Вскоре Вавилов уже начал заботиться о новорожденном ФИАНе, а в сентябре стал его директором.
Оставался сотрудником ФИАНа и "отец новорожденного" - Гамов. Но неудача с Институтом теоретической физики, похоже, окончательно убедила его, что он в клетке, и даже не в золотой. Он пытался выбраться из этой клетки летом 1932 года на байдарке через южную границу СССР, зимой на лыжах, через северную, но без успеха.
В октябре 1933 года помог Сольвеевский конгресс, посвященный физике атомного ядра. На этот раз Гамову разрешили поехать, и в Россию он уже не вернулся. Дверью он не хлопал и еще целый год считался в заграничной командировке. Вавилов упомянул его даже в статье в "Правде" 5 ноября 1934 года, посвященной переезду ФИАНа в Москву и грядущему его превращению во "всесоюзный научный центр физики".
Для этого в Москве были реальные предпосылки, и Вавилов их хорошо знал. Главная предпосылка - школа Мандельштама, которая к тому времени расцвела в Московском университете.
Леонид Мандельштам. Учитель и школа
Консультант Электротреста в Московском университете
Московская физика пребывала в унылом состоянии, когда летом 1924 года консультант Электротреста в Ленинграде Леонид Мандельштам получил письмо из Москвы:
Глубокоуважаемый Леонид Исаакович!
Я уже давно хотел обратиться к Вам с этим письмом, но некоторая неясность положения удерживала меня.
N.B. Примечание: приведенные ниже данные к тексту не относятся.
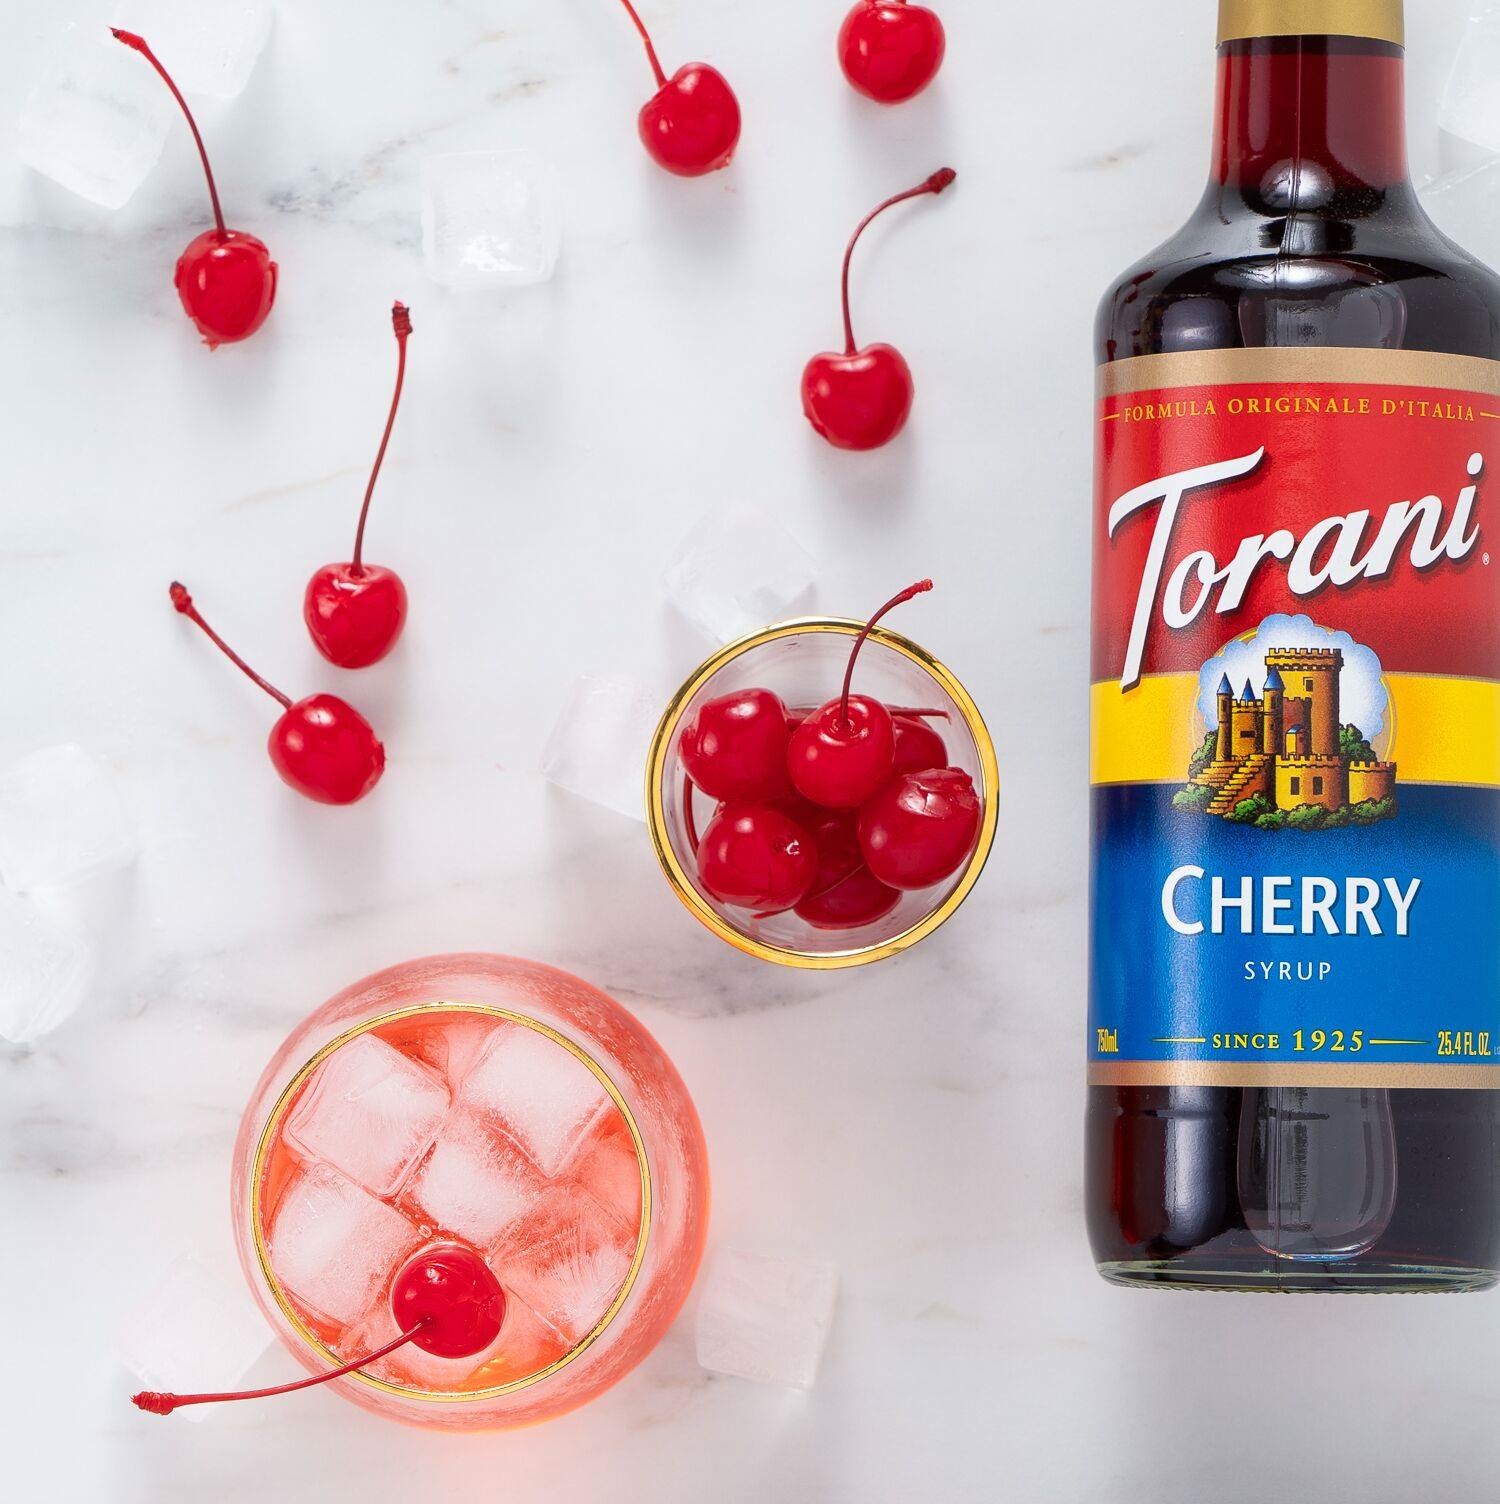 Siro Pha Chế Vị Anh Đào Torani Classic Cherry Syrup 750ml Mỹ - Phù Hợp Cho Trà Trái Cây Hoặc Soda

Сегодня, наконец, оно выяснилось настолько, что я имею возможность писать Вам. Речь идет о Вашей кандидатуре на кафедру теоретической физики в Московском Университете. Вы, вероятно, так или иначе знаете, что Ваша кандидатура была выдвинута нами, после смерти С.А. Богуславского, наряду с кандидатурами Epstein`а и Ehrenfest`а. Однако до сих пор не удавалось добиться объявления конкурса: правление, якобы из соображений экономии, отказывалось возбудить перед ГУСом ходатайство об открытии конкурса. Сегодня, наконец, в заседании предметной комиссии было заявлено, со слов ректора, что если Вы, Ehrenfest или Epstein выразите согласие занять эту кафедру, то возражений против замещения кафедры правление не представит. Совершенно очевидно, что ни Epstein, ни Ehrenfest сюда не пойдут. Так что все дело сводится лишь к Вашему согласию. Вероятно, Вы на днях получите официальный запрос по этому поводу. Я же, выражая собственное мнение и мнение многих из моих товарищей по Университету, решил обратиться к Вам дополнительно с этим письмом.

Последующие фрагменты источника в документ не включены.